The house was barren of furniture except for a giant fish tank that glowed in the dimly lit emptiness and a black leather oversized sofa and love seat that sat situated in his living room around a glass coffee table which boasted the largest jar of marijuana I’d ever seen. Imagine a mason jar that has been blown up to epic proportions and filled with a bunch of pot; I couldn’t imagine where you’d even get that much pot unless you’re a drug dealer or something. Through the open door to the bedroom I could make out a single mattress lying on the floor with a black comforter sprawled out upon it. Everything in this damn house was either black or white; it’s why we had to take our shoes off when we came in, the carpet was stark white and the dude said he didn’t want it messed up.
Also sitting on the glass coffee table were a number of Buddhist books and literature, “Yea man, I’ve given up the ways of the West and now I’m a Buddhist” said the weird man in the suit. He had jet black hair and looked annoyed that I was there, I think that he was hoping to have scored with the mermaid barista and I had somehow gotten in his way. He must have talked about his Buddhist beliefs for 10 or 15 minutes but barista girl wasn’t listening; she looked like all she could think about was smoking the pot.
“So do you two wanna smoke or what?” he asked,
“actually, I thought I was being invited to a party, and I feel like I’m intruding on you two” I said, I had a weird image in my head of Bruce Willis in Pulp Fiction and some weird guy locked up in Designer-Suit-Guy’s basement and simply wanted to get out of there. Unfortunately, I didn’t have a car and I needed barista girl to drive me; and she was dead set on getting high.
“Oh yea man, I’m sorry. She said you guys wanted to go to the party. I’m a little out of it, I took some pills before you got here and I’m not right in the head. Jump in your car and follow me” he said
It was beyond strange that we had sat there for 30 minutes in the dude’s living room and with a mere order of ‘jump in your car’ the next thing I knew we were driving through what looked like a really sketchy part of town until his car stopped at an abandoned concrete block commercial building…..and he got out.

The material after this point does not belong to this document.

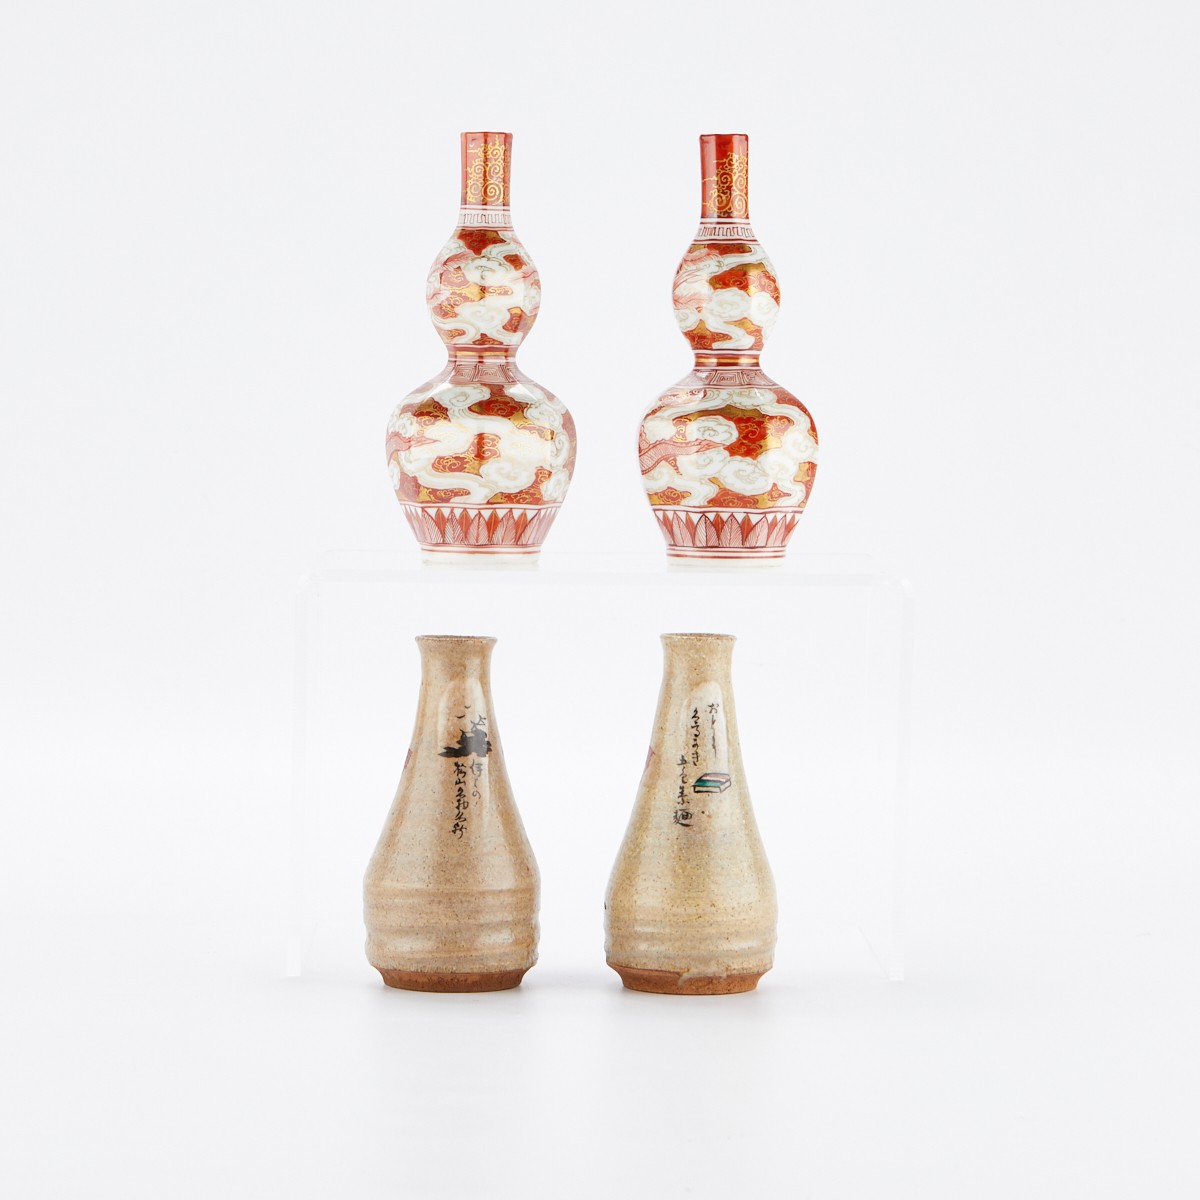 Grp: 4 Japanese Ceramic Sake Bottles 2 Pairs - Image 3 of 16

“Where the hell are we going?” I asked barista girl
“To the party silly. It’s in that building” she said
“Uh, the one with that looks like it’s a leftover shelter from a nuclear holocaust? What kind of party is this?” I asked
“Stop being a worrywart and just go with the flow” she said. She had swallowed some pills along our ride and when she offered me some but didn’t know what they were I flat out refused, “you crack me up, nobody cares what kind of pills they are, you just swallow them and hope for the best. You’ve got to live a little” she said
Actually, the building where the ‘party’ was did not happen to be the empty looking building we parked in front of; it was an even uglier and more decrepit cinder block warehouse eight blocks down the road, and yes I counted every block we walked. At that point I was like a secret agent making note of all of my surroundings in the event that I needed to get the hell out of there. All I could surmise is that designer-suit-guy felt it wasn’t safe to park right in front of the building where this party was (at that point it was obvious they were taking me to some underground club or party of sorts) so that the cops couldn’t case the place.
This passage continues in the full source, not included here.